Литс понял, что Тони пьян настолько, что уже не думает о том, что и кому говорит. И все же, как ни странно, в его поведении чувствовалась симпатия к несчастному американцу и его девушке.

– Послушайте, я знаю, где сегодня вечером будет великолепное сборище. Хотите пойти со мной? В самом деле, я могу предложить вам индийского набоба, поэта-коммуниста, генералов-гомосексуалистов и египетских торговцев белыми рабами. Реликты нашей поздней империи. На это стоит посмотреть. Идемте.

– Спасибо, майор, – ответил Литс – Я бы скорее…

– Тони. То-ни. Мне понравилась эта американская привычка. Ты зовешь меня Тони, а я буду называть тебя Джимом. Так здорово называть друг друга по именам.

– Майор, я…

– Джим, это может оказаться забавным, – вмешалась Сьюзен.

– Черт с вами, – сказал Литс.

Позже они обнаружили, что находятся в похожей на пещеру квартире, расположенной в великолепном фешенебельном районе Лондона, где собрался целый зверинец диковинок из дружественных стран Второй мировой войны. Литс, зажатый в углу комнаты, пил чье-то великолепное виски и, обмениваясь примитивными любезностями с греческим дипломатом, одновременно наблюдал, как в противоположном конце комнаты Сьюзен быстро сменила целый ряд кавалеров: капитана из группы королевских военно-воздушных сил, молодого щеголя в костюме и галстуке и огромного русского и своеобразном фантастическом клоунском наряде.

– Она имеет головокружительный успех, – сказан ему Тони.

– Да, она прекрасна, просто прекрасна, – согласился Литс.

– Очень есть хорошо, нет? – изрек что-то невразумительное грек, но Литс кивнул головой, словно понял смысл сказанного. А спустя некоторое время он пошел, пробиваясь сквозь толпу, и добрался до Сьюзен.

– Привет, это я, – сказал он.

– Ах, Джим, разве тут не чудесно? Просто замечательно, – ответила она, вся сияя.

– Господи, да обычная вечеринка, – возразил он.

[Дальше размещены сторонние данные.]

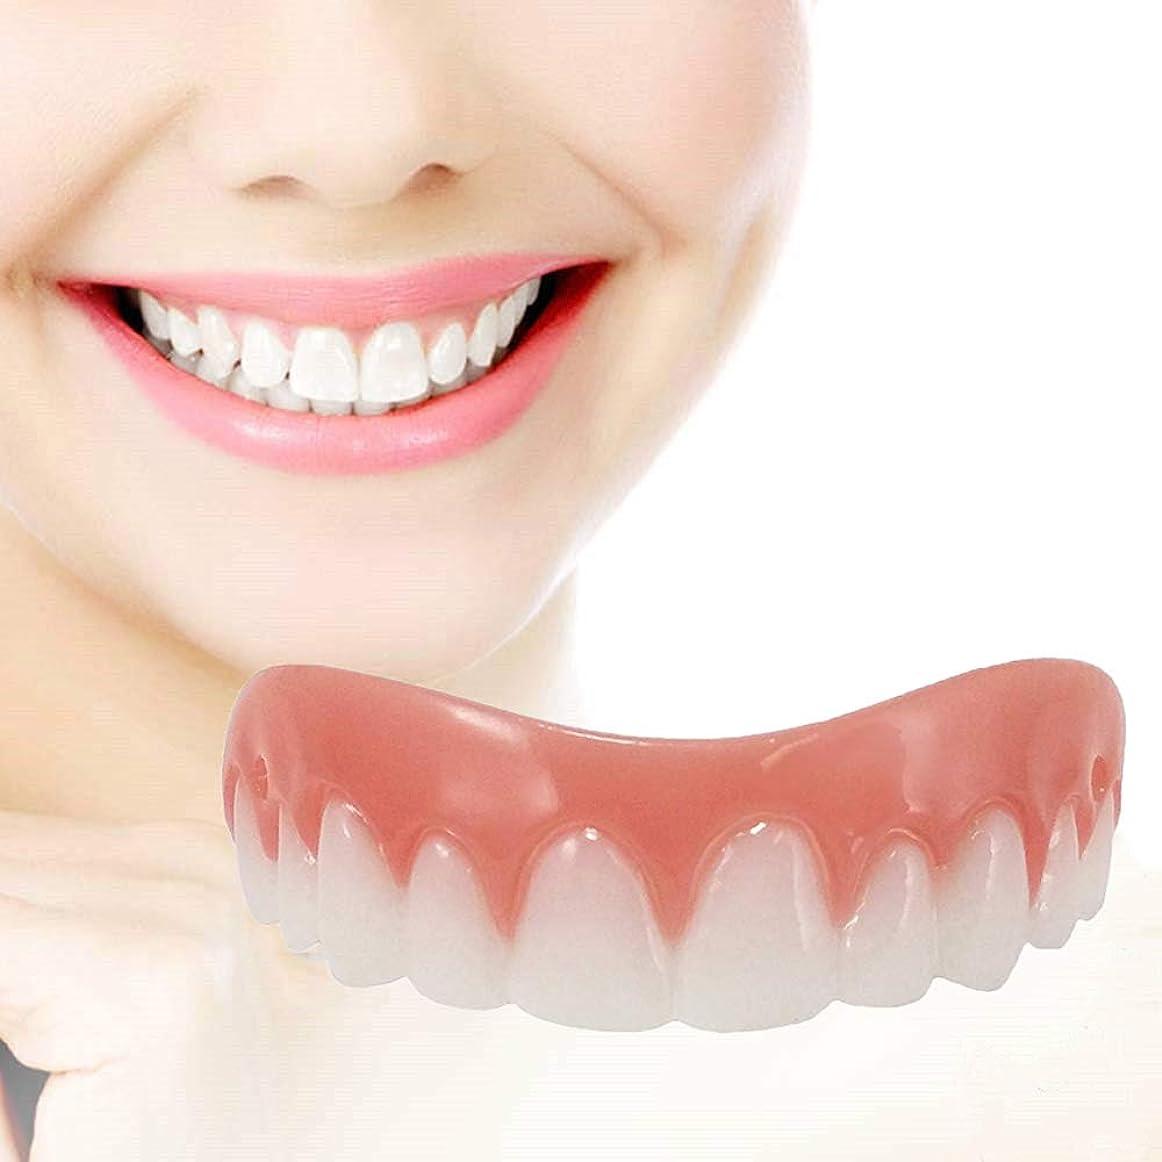 トリッキーブレーク収穫女性、人のために白くなる即刻のベニヤの義歯の微笑の慰めの適合の屈曲の化粧品の偽歯

– Знаешь, милый, сегодня случилась самая удивительная вещь. Мне не терпится рассказать тебе об этом.

– Так расскажи.

– Слушай, догадайся, кто здесь сегодня? – внезапно сказал ему на ухо Тони.

– Это Роджер! – взвизгнула Сьюзен. – Господи боже мой, ты только посмотри, кто с ним!

– Действительно, – подхватил Тони. – Великий человек собственной персоной! Это ведь тот писатель с волосатой грудью, который убивает животных ради забавы? По-моему, это он.

– Нам не хватает только Фила, – сказала Сьюзен.

– Какого Фила? – спросил Литс.

Его молодой сержант со сверкающими от радости глазами тащил за собой подвыпившего великого писателя. Эти двое, покачиваясь, пробирались сквозь толпу, причем Роджер направлял добродушно улыбающуюся знаменитость. На писателе была летная форма, одетая наподобие костюма для сафари. Ворот был широко раскрыт, и оттуда торчал клок серых, как сталь, волос.

– Знаменитая грудь открыта для всеобщего обозрения, – заметил Тони.

У писателя были дерзкие усы и очки в стальной оправе. Как заметил Литс, этот человек был крупным, достаточно крупным для игры в Большой Десятке, но сейчас он был охвачен пьяной грубой благожелательностью, готовой распылить целое состояние на всех, кто встречался на его пути. Несколько раз за время своего путешествия писатель останавливался, словно хотел сделать привал, но каждый раз Роджер дергал его, срывал с места и подтаскивал еще чуточку поближе.

– Мистер Хем, – объявил Роджер, когда сумел подвести здоровенного мужика достаточно близко. – Мистер Хем, я хочу представить вам двух чертовски боевых офицеров Второй мировой войны.

– Доктор Хеморроид, лекарство для бедных, – представился писатель, протягивая свою лапищу.

Литс пожал ее.

– Я обожаю «Фиесту», – сказал Тони. – Это поистине ваше лучшее произведение. Такое женственное. Такое удивительно женственное. Нежное, в пастельных тонах. Кажется, что оно написано очень милой леди.

Писатель пьяно оскалился.

– Все англичане меня ненавидят, – объяснил он Сьюзен. – Но это меня нисколько не трогает. Какого дьявола, майор, давай, продолжай меня ненавидеть. Эта поганая страна – твоя, ты можешь ненавидеть здесь любого на свой чертов выбор. Сестричка, вы очаровательны.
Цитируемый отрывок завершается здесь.